## Short Segments
Building memory-efficient Transformers just got easier with xFormers, a toolkit for fast, memory-efficient models on GPUs. Today, we'll explore how xFormers combines packed sequences, GQA, ALiBi, SwiGLU, and causal attention to optimize Transformer models. Coming up, we'll dive into MiniMax's new sparse attention method, which promises to revolutionize long-context AI models. Memory-efficient Transformers are now within reach thanks to xFormers, a practical toolkit for building fast models on GPUs. This tutorial demonstrates how xFormers validates memory-efficient attention against standard implementations, comparing speed and memory consumption across various sequence lengths.
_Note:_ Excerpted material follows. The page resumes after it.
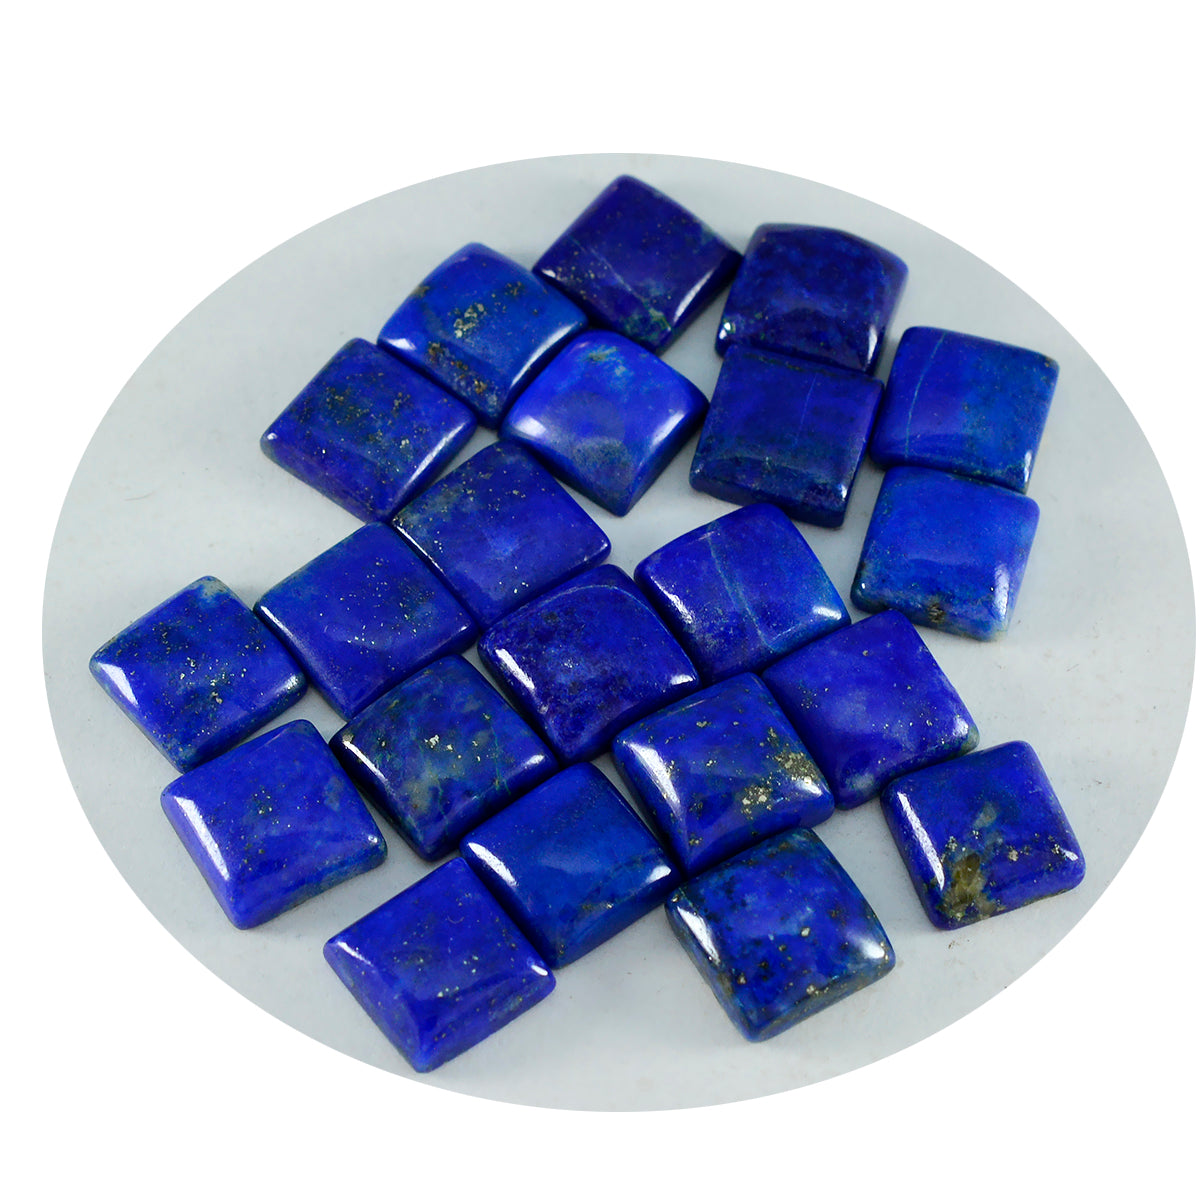 Riyogems – cabochon lapis-lazuli bleu, forme carrée, 9x9mm, jolie pierre précieuse en vrac de qualité, 1 pièce

By integrating techniques like causal masking, packed variable-length sequences, and custom ALiBi positional biases, xFormers enables the creation of a trainable GPT-style model. With SwiGLU feed-forward layers and automatic mixed-precision training, developers can achieve significant improvements in model efficiency. This approach not only enhances performance but also reduces the computational burden, making it a valuable tool for developers working with large-scale AI models.
## Feature Story
MiniMax's new sparse attention method, MSA, is set to transform AI model efficiency by tackling the quadratic cost of softmax attention in long contexts. MSA, or MiniMax Sparse Attention, introduces a two-branch system that factors attention into an Index Branch and a Main Branch. The Index Branch determines which key-value blocks each query should access, while the Main Branch performs exact softmax attention over those blocks. This approach significantly reduces computational costs, as MSA scales with a fixed budget per query, unlike traditional dense attention that scales with the full context. By sharing selection within each GQA group, MSA allows different groups to focus on distinct long-range regions, enhancing model flexibility. MiniMax has tested this method within a 109B-parameter Mixture-of-Experts model, trained with native multimodal data, and has open-sourced an inference kernel alongside the production model, MiniMax-M3. MiniMax-M3, available on NVIDIA accelerated infrastructure, supports up to 1M tokens and offers a 15.6× speed-up in decoding, making it a game-changer for long-context reasoning and creative tasks. This development addresses the challenges of fragmented AI pipelines by enabling a single multimodal system, reducing complexity and costs. As AI models continue to grow in size and capability, innovations like MSA are crucial for maintaining efficiency and scalability. With MiniMax's advancements, developers can expect more streamlined workflows and enhanced performance in AI applications.